O desamparo é uma condição que transcende a impotência individual e se inscreve como uma experiência compartilhada da modernidade à pós-modernidade, refletindo a complexidade da ação política em tempos de radicalização.
O desamparo, como conceito filosófico e político, remete à impossibilidade de transformação por meio da ação e do discurso. Ele descreve a sensação de impotência quando palavras e gestos não atingem o outro, não se concretizam em mudanças e, portanto, não exercem o impacto esperado no tecido social. A experiência do desamparo remonta à modernidade, mas é na pós-modernidade (ou hipermodernidade, como alguns preferem) que ela se intensifica como uma experiência universal e profundamente enraizada nas condições de existência do ser humano contemporâneo.
Desde as origens da modernidade, o desamparo se fez presente, seja nas incertezas existenciais ou nas transformações radicais que a sociedade experimentou. Porém, na atualidade, essa condição se tornou mais visível e, de certa forma, mais insuportável. Em um contexto onde movimentos políticos extremistas ganham força, onde o fundamentalismo religioso se propaga e a internet se torna um espaço de pós-política, o desamparo se revela de maneira ainda mais pronunciada. As pessoas buscam respostas rápidas e certeiras, mas acabam se refugiando em narrativas simplistas que não oferecem soluções reais para os desafios globais.
A radicalização da experiência do desamparo não é apenas um fenômeno individual, mas coletivo.
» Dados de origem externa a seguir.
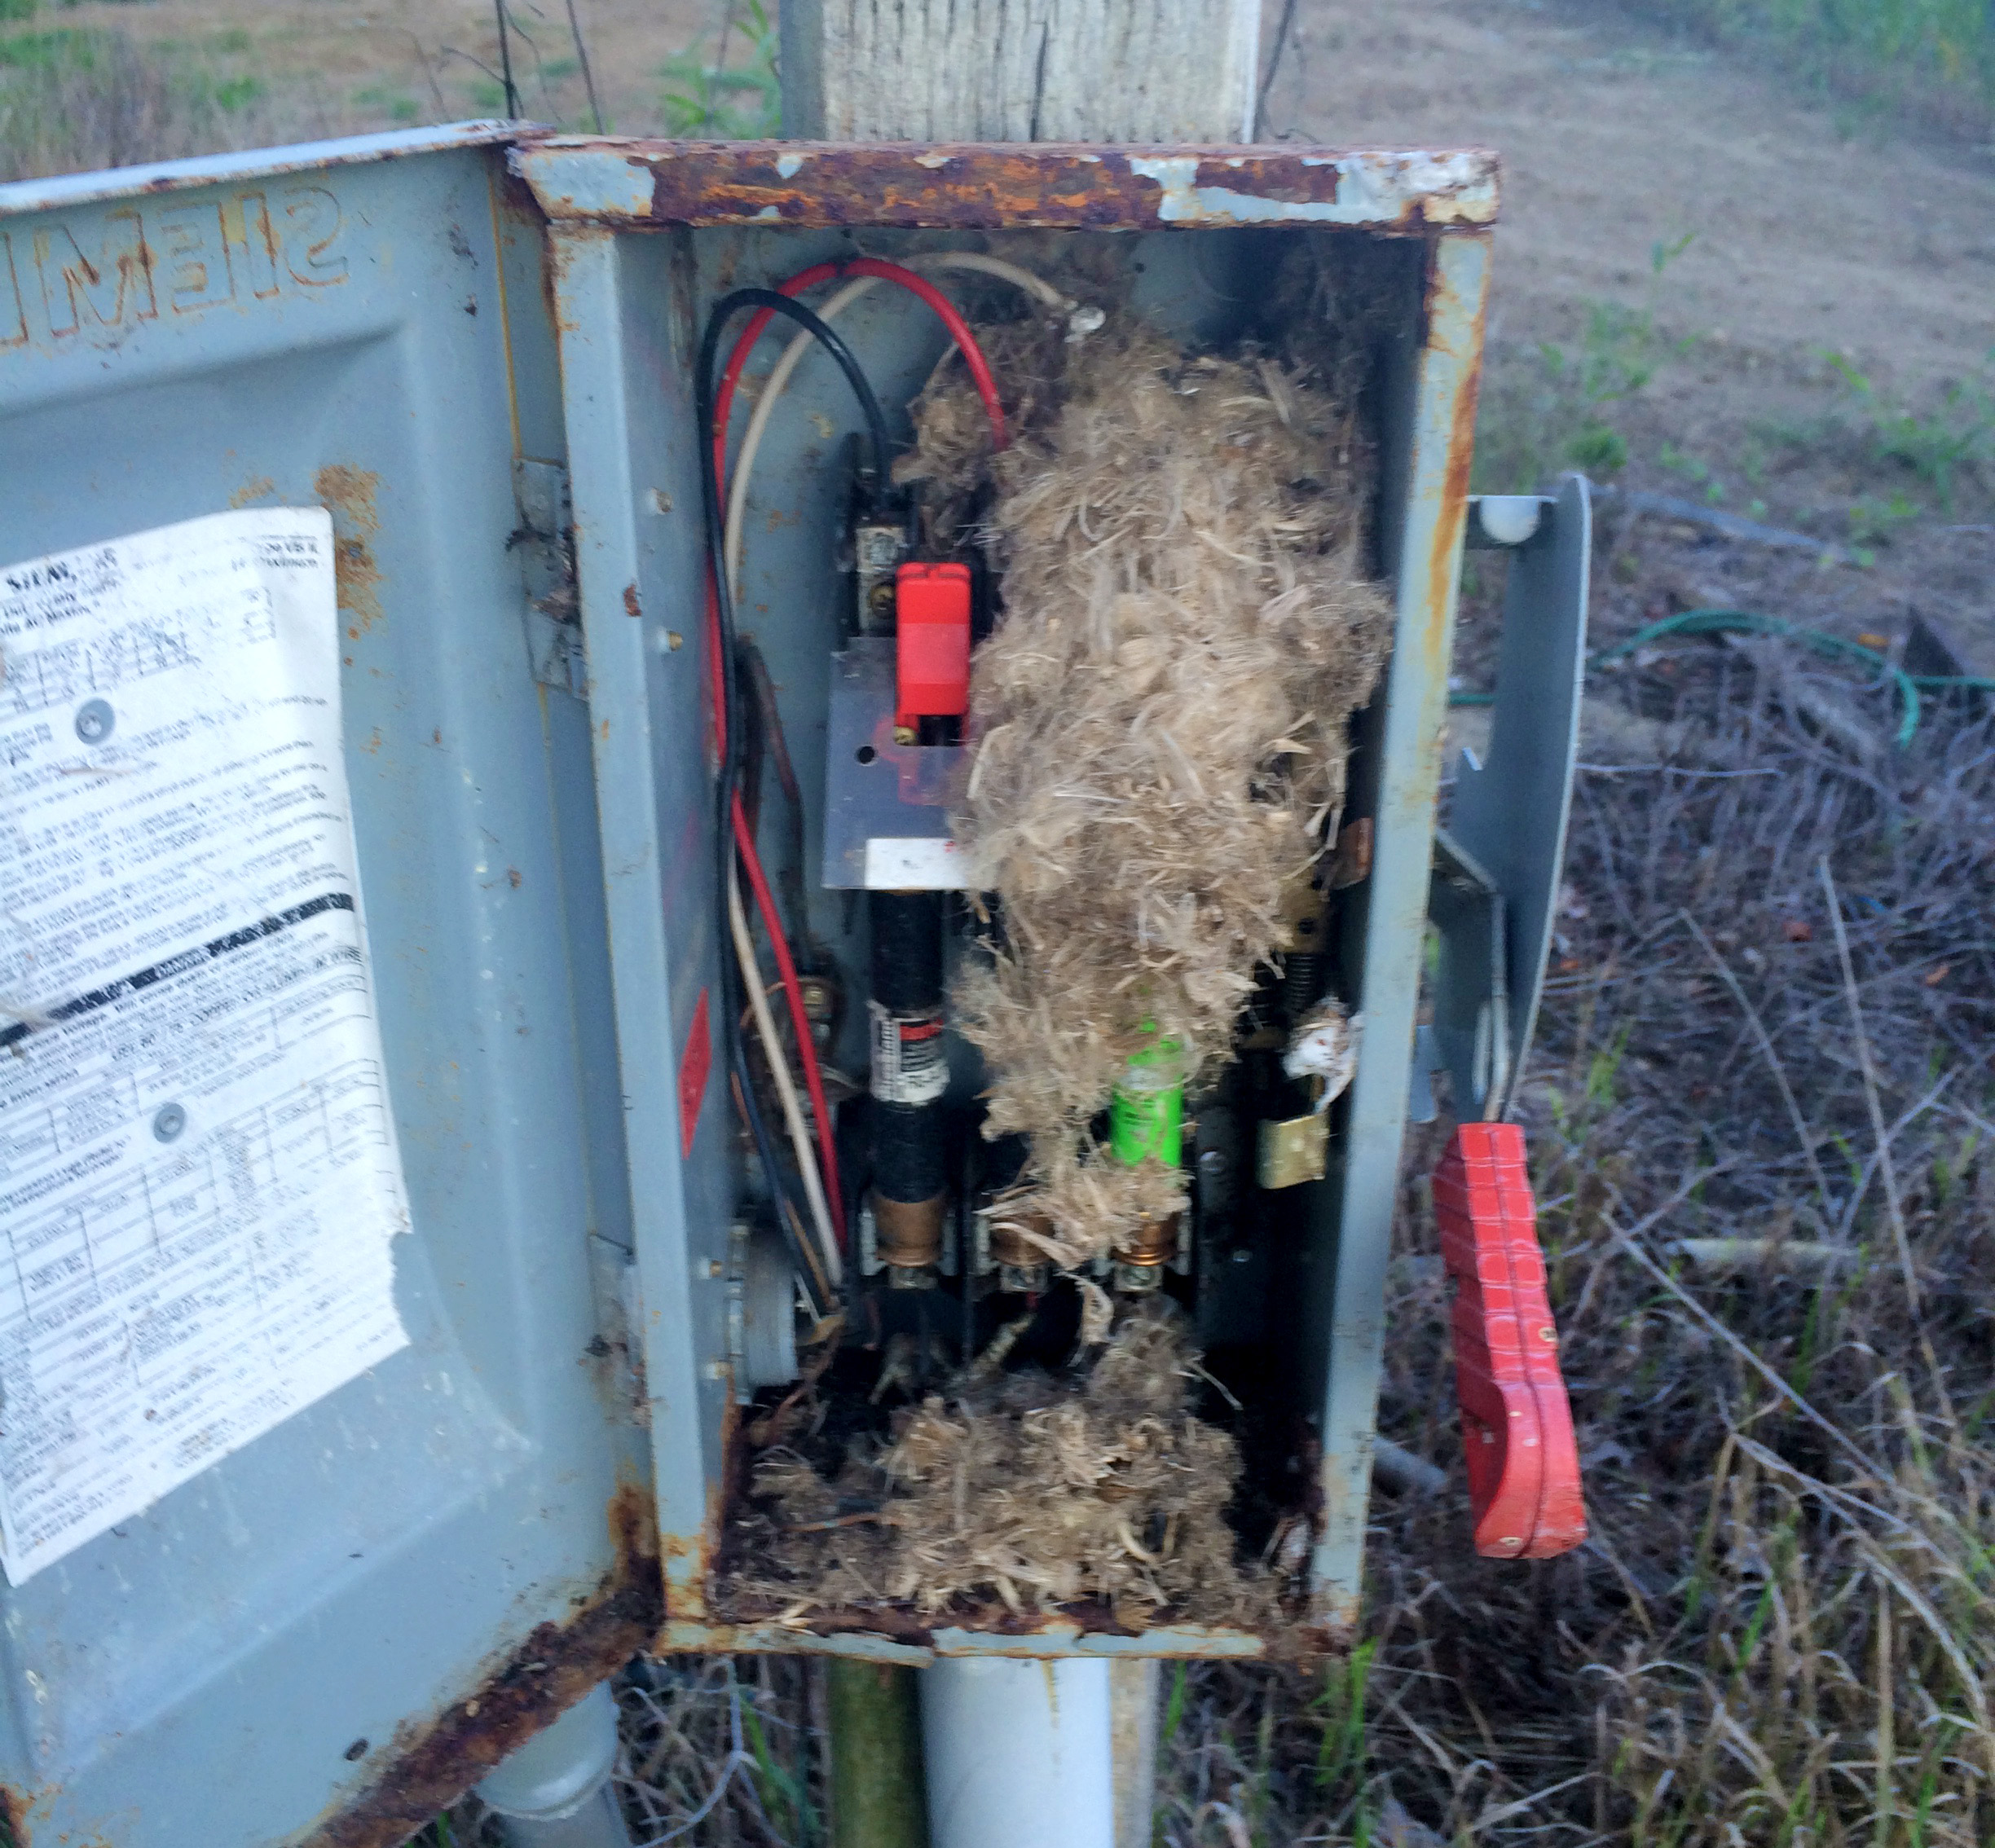 Vermin nest in electrical box

As novas formas de política virtualizada, representadas por comportamentos polarizados e distantes da efetiva construção de soluções, evidenciam como o desamparo tomou proporções estruturais. A internet, em vez de ser um espaço de democracia e debate, muitas vezes se transforma em uma plataforma de alienação política e social, contribuindo para a sensação de impotência e frustração.
O Maior Desafio Político de Todos os Tempos
Diante dessa realidade, o desafio político de nossa época é mais complexo do que nunca. Ele não se resume apenas à luta contra o desamparo, mas à necessidade urgente de resgatar a própria possibilidade de uma política verdadeira. Uma política que seja capaz de responder às inquietações do presente e que, ao mesmo tempo, reconstrua a confiança nas instituições e nas capacidades do coletivo. Esse desafio exige a criação de um espaço político que não apenas busque soluções para o outro, mas que, simultaneamente, nos permita reconstruir um sentido de solidariedade e de ação política coletiva.
A solidariedade, em sua forma mais genuína, é a chave para esse resgate. Não se trata de um sentimento de piedade ou de ajuda assistencialista, mas de um vínculo genuíno que reconhece a humanidade do outro e a nossa própria. A solidariedade, nesse sentido, torna-se a ferramenta para criar um espaço político novo, no qual a ação coletiva seja capaz de resgatar a esperança, a participação ativa e a capacidade de transformação. É por meio dessa solidariedade que podemos começar a reconstruir as bases de uma política que seja realmente capaz de fazer frente ao desamparo e de reverter o quadro de fragmentação e isolamento social.
A Necessidade de Resgatar o Sentido da Política
O resgate do sentido da política não passa apenas pela busca por soluções imediatas, mas pela reinvenção da própria política enquanto espaço de ação coletiva e transformação social. A crise do desamparo nos impõe a reflexão de que a política, em sua forma tradicional, está falida, mas que ainda é possível dar novos rumos ao engajamento político. A criação de um espaço político coletivo, onde a solidariedade e a ação mútua sejam os pilares, é o único caminho para superar o desamparo absoluto que ameaça dominar a experiência humana no contexto atual.